Introduction

Short wavelength infrared (SWIR) focal plane arrays (FPAs) have proven to be productive tools for infrared astronomy in both ground and space observatories. A significant metric in the utility of SWIR sensors, for both science throughput and scope, is the signal-to-noise ratio (SNR) of the captured images. The higher the sensitivity and the lower the noise, the fainter the objects that can be seen, with the least amount of exposure time.

The signal is generally limited by the telescope aperture and optics, and by the quantum efficiency (QE) of the detectors, where typical HgCdTe-based detectors achieve QE values greater than 90%, approaching physical limits without gain. As large-format SWIR avalanche photodiode arrays are currently unavailable with large gain and low noise factor, improving SNR by QE improvement has plateaued.

The other means of improving SNR is by reduction of image noise.
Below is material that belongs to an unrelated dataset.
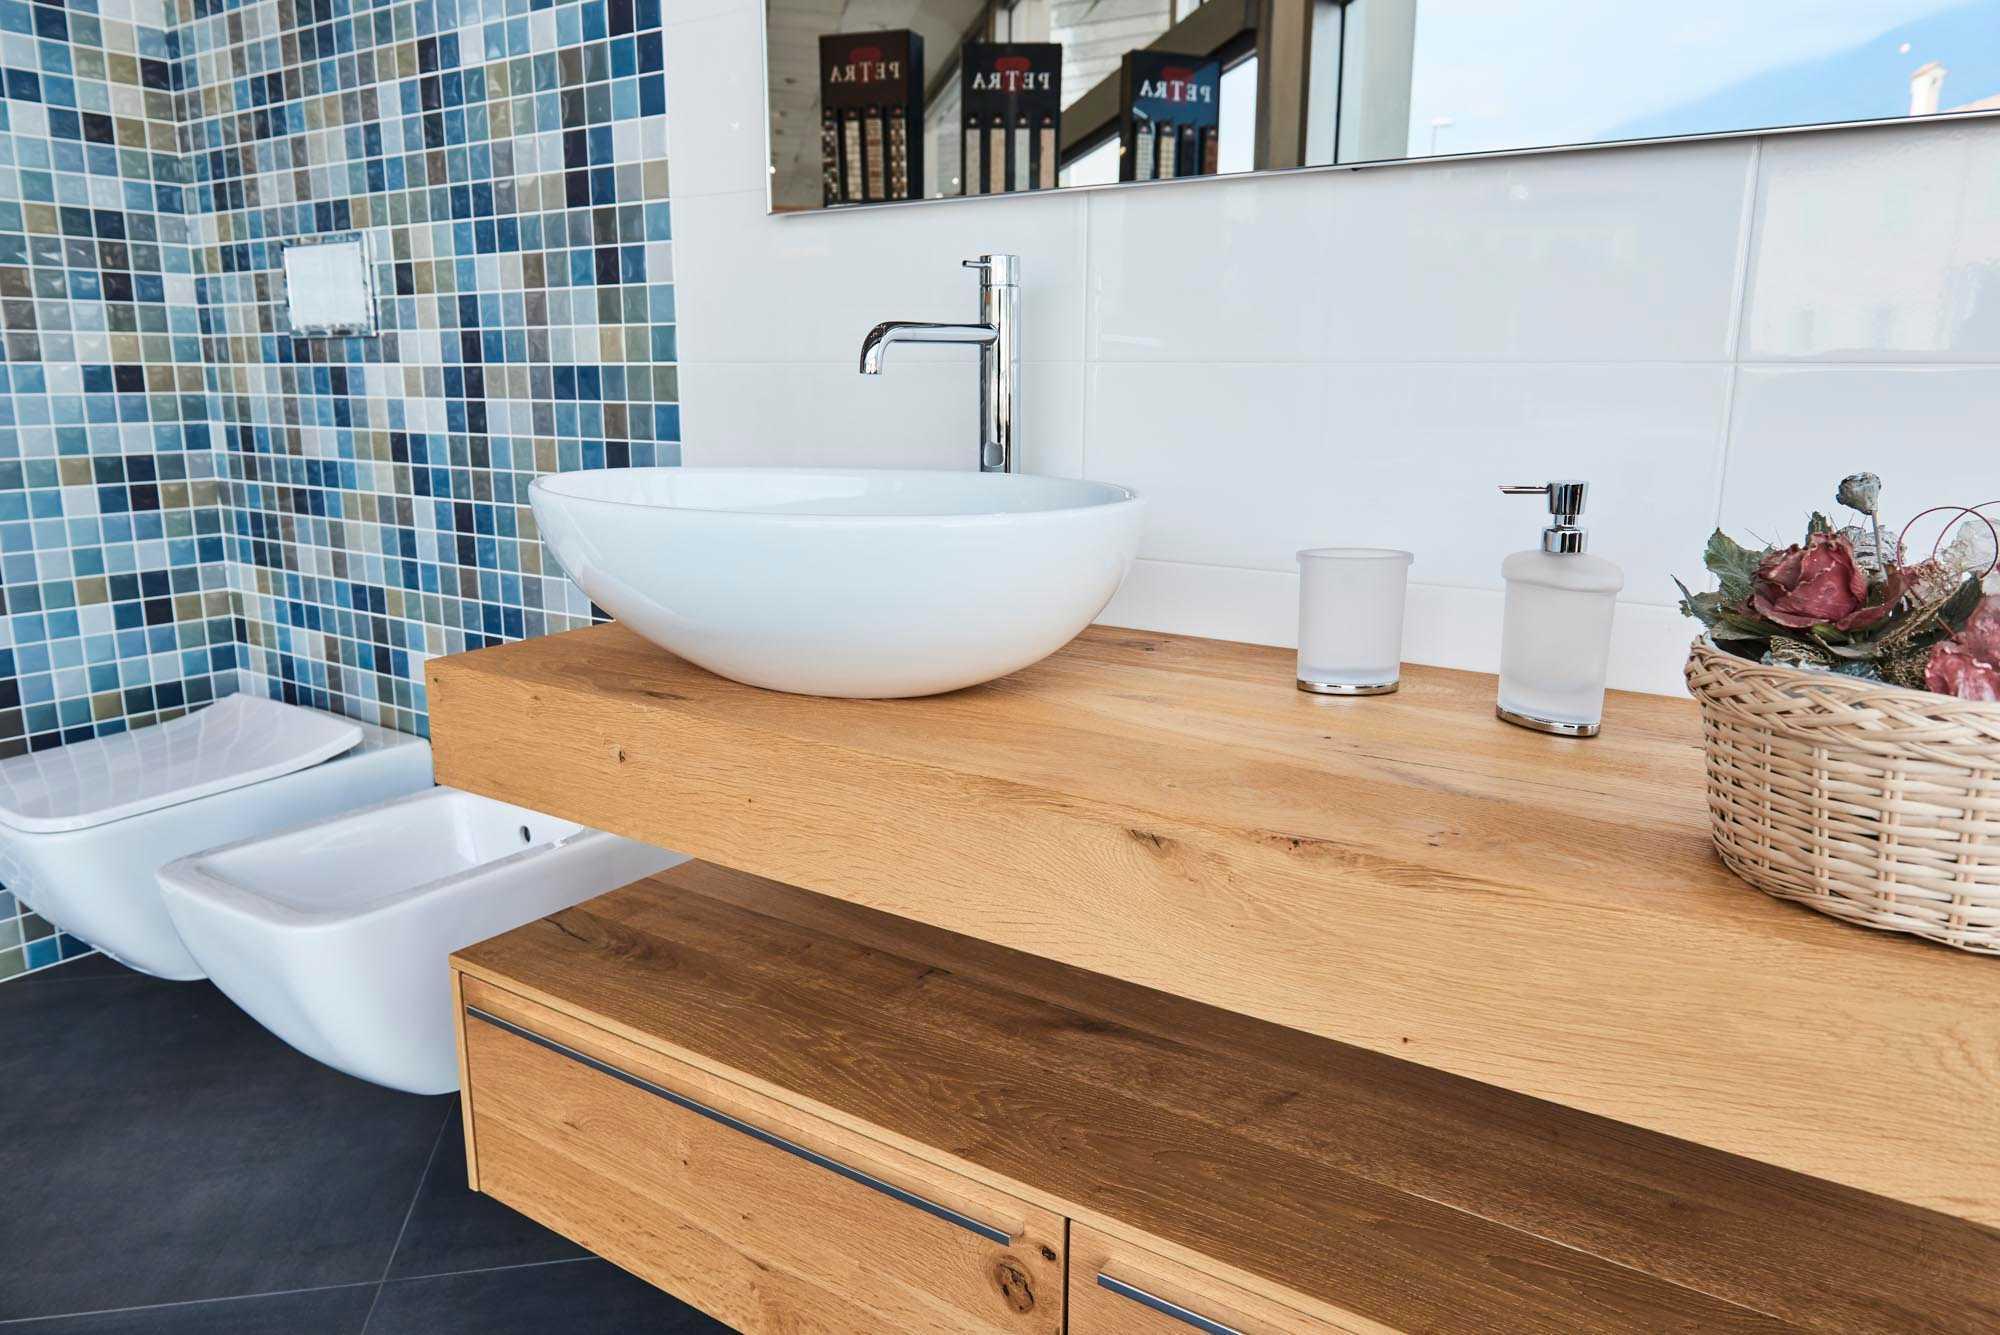 Showroom SVAI_Corrubbio_arredobagno moderno legno

For brighter objects, the noise is typically limited by signal shot noise, equal to the square root of the number of integrated charges (in units of electrons), and SNR is usually adequate. For very faint signals, however, which are generally of highest interest, noise is more often limited by detector dark current noise or FPA read noise. Dark current may be mitigated through cryogenic cooling, leaving read noise as the limiting performance driver. While multi-sampling schemes such as sample up the ramp (SUTR) or Fowler sampling1,2 can improve noise through statistical averaging, some sources of excess noise in the detector, such as 1/f noise, can limit the sampling noise reduction.

The FPAs considered here are hybrids of a detector array indium bump bonded to a read-out integrated circuit (ROIC) used to multiplex the detector pixel outputs. Both hybrid components can contribute to the FPA noise. For the detector pixel array, there are several mechanisms that can contribute, including excess noise from charge trapping effects at material defects, contact thermal noise, dark current shot noise, and 1/f noise from surface recombination velocity modulation. From the ROIC, we have contributions from CMOS transistor noise, coupled power supply noise, jitter noise, fixed pattern noise due to silicon chip foundry non-uniformity, and others.

In this work, we limit the analysis to the excess noise contribution from the contact resistance thermal (Johnson) noise.3 We neglect series resistance arising from the substrate sheet resistance (DSUB), which is typically orders of magnitude lower than the pixel contact resistance. This is most often because of the high mobility of the absorber layer charge carriers and the presence of numerous DSUB contacts. The pixel contact resistance tends to be dominant in p-on-n HgCdTe FPAs (considered below) due to use of a wider band-gap p-type cap material, which has traditionally offered a challenge in formation of ohmic contacts, operating cold.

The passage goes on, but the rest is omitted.